Already beyond distractions. We'd moved through them.

"You keep choosing escalation," he said. "You keep forcing the world to respond to you."

"Because waiting gets women erased," I said. "Especially royal ones."

He went still.

"That's not what this is about," he said.

"It's exactly what this is about," I insisted. "You want me strategic but palatable. Dangerous but manageable."

"I want you alive," he snapped.

"And I want to live," I replied. "Not just survive your risk models."

Flickering light filled the garage when the machines above came alive. A low sound rose from the streets - tense, moving, not knowing what fought below.

The screen lit up once more. He checked it now.

His face changed.

"What?" I demanded.

"Darian just filed a preliminary injunction," he said. "Targeting Vale's Bisonian operations."

The hit landed early, sharp, before his last word. "The council's blame - that's what he's wielding."

"Yes," Lucien said. "And your leak gave him the opening."

Fingers tight, I said it straight. Not him. That hunger inside pushed everything forward

"Intent doesn't matter," Lucien said sharply. "Impact does."

"And what's the impact of your hesitation?" I asked. "If we'd waited, he'd have had a clean shot."

Lucien stepped closer, voice dropping. "You don't get to gamble with my company like it's one of your political chess pieces."

"And you don't get to reduce my survival to collateral," I shot back.

Something broken hung in the air, just for an instant. It sat there, unspoken, heavy enough to notice but too faint to name.

"Maybe," Lucien said slowly, "we're not aligned anymore."

The words echoed.

Same direction. Paths that match. Goals moving together.

I swallowed. "Say what you mean."

For a moment he paused. Worse than knowing was that pause.

"Maybe," he continued, "we're fighting different wars."

I shook my head. "No. We're fighting the same one. You just want it clean."

"And you want it loud."

"Yes," I said. "Because silence protects the powerful."

That was the moment his eyes held mine, truly held them, like he finally noticed every crack he'd ignored before.

"You scare me," he admitted.

What hit hardest wasn't being blamed - it was hearing it admitted.

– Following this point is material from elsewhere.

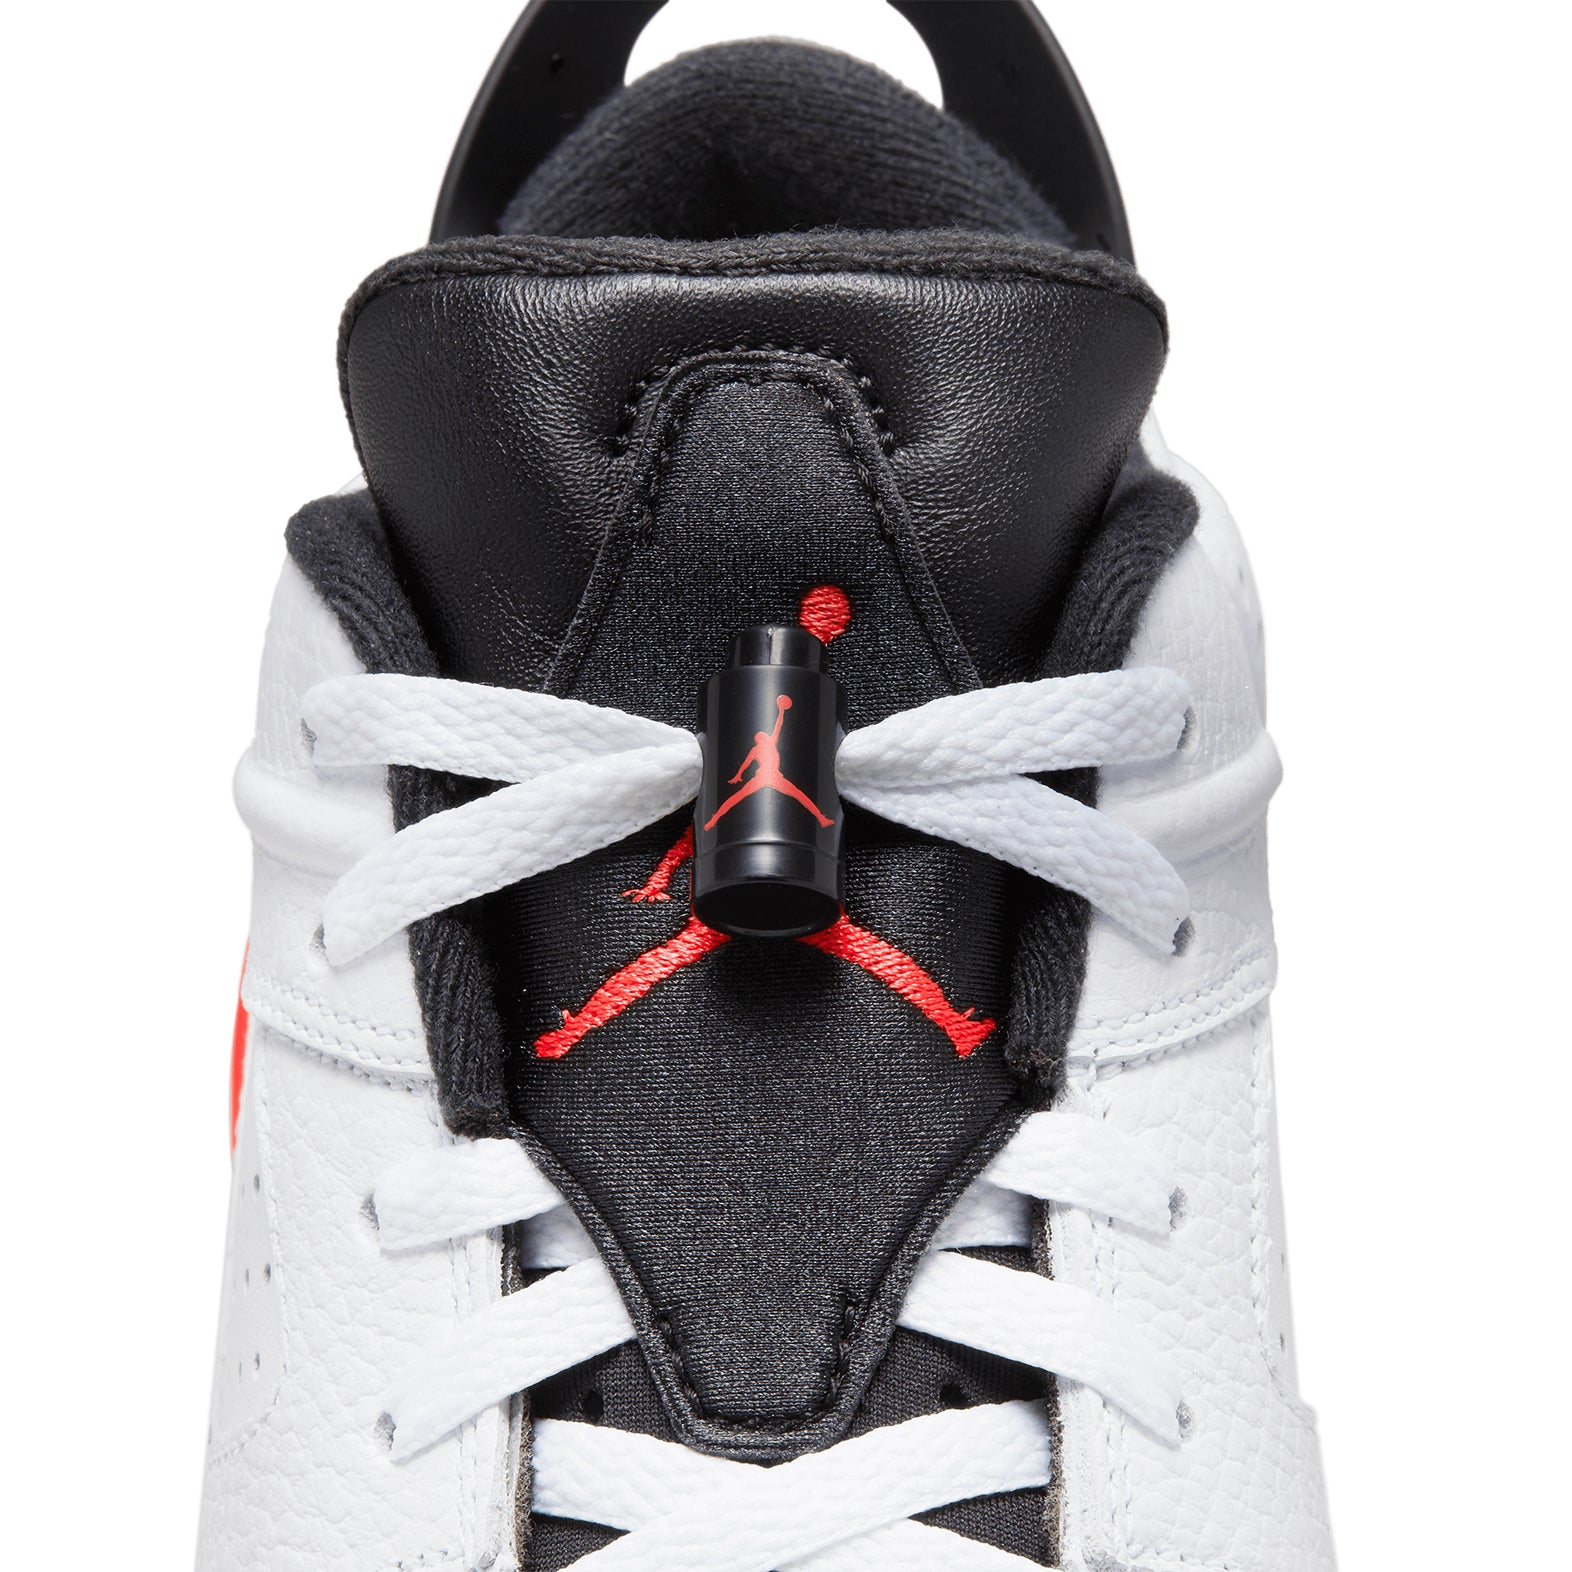 Air Jordan Retro 6 G NRG Golf Shoes - First Major Limited Edition - ON SALE

"Good," I said softly. "Because this world should."

A shrill beep cut through the air. This one came from Marcellus.

He replied while holding the gaze steady.

"They're moving again," Marcellus said. "Emergency council session. They're naming Eliana as a destabilising foreign influence."

A small sound came out, quiet laughter. That's what I saw

He shut his eyes - just for a moment. "This isn't optional," he said

"No," I corrected. "They're daring us to fracture."

His eyelids lifted. "What happens then?"

"Then they win."

The air grew still, almost too light. Then nothing moved.

His fingers stretched forward, hesitation froze them mid-air, and finally, he let his arm fall. "Fighting the way you do - no clue where to begin."

"And I don't know how to pause like you," I replied.

There we stayed, not knowing what came next, sparks jumping from one silence to another.

"Whatever happens next," he said, "it won't be linear."

I met his gaze. "Nothing worth keeping ever is."

Bisonia pulled its blades into finer edges, high overhead.

Beneath stood two unyielding sides, neither willing to step back.

Not reconciled.

Not broken.

One foot here, then silence - waiting while the ground holds its breath. A challenge hangs in the air, unspoken but clear.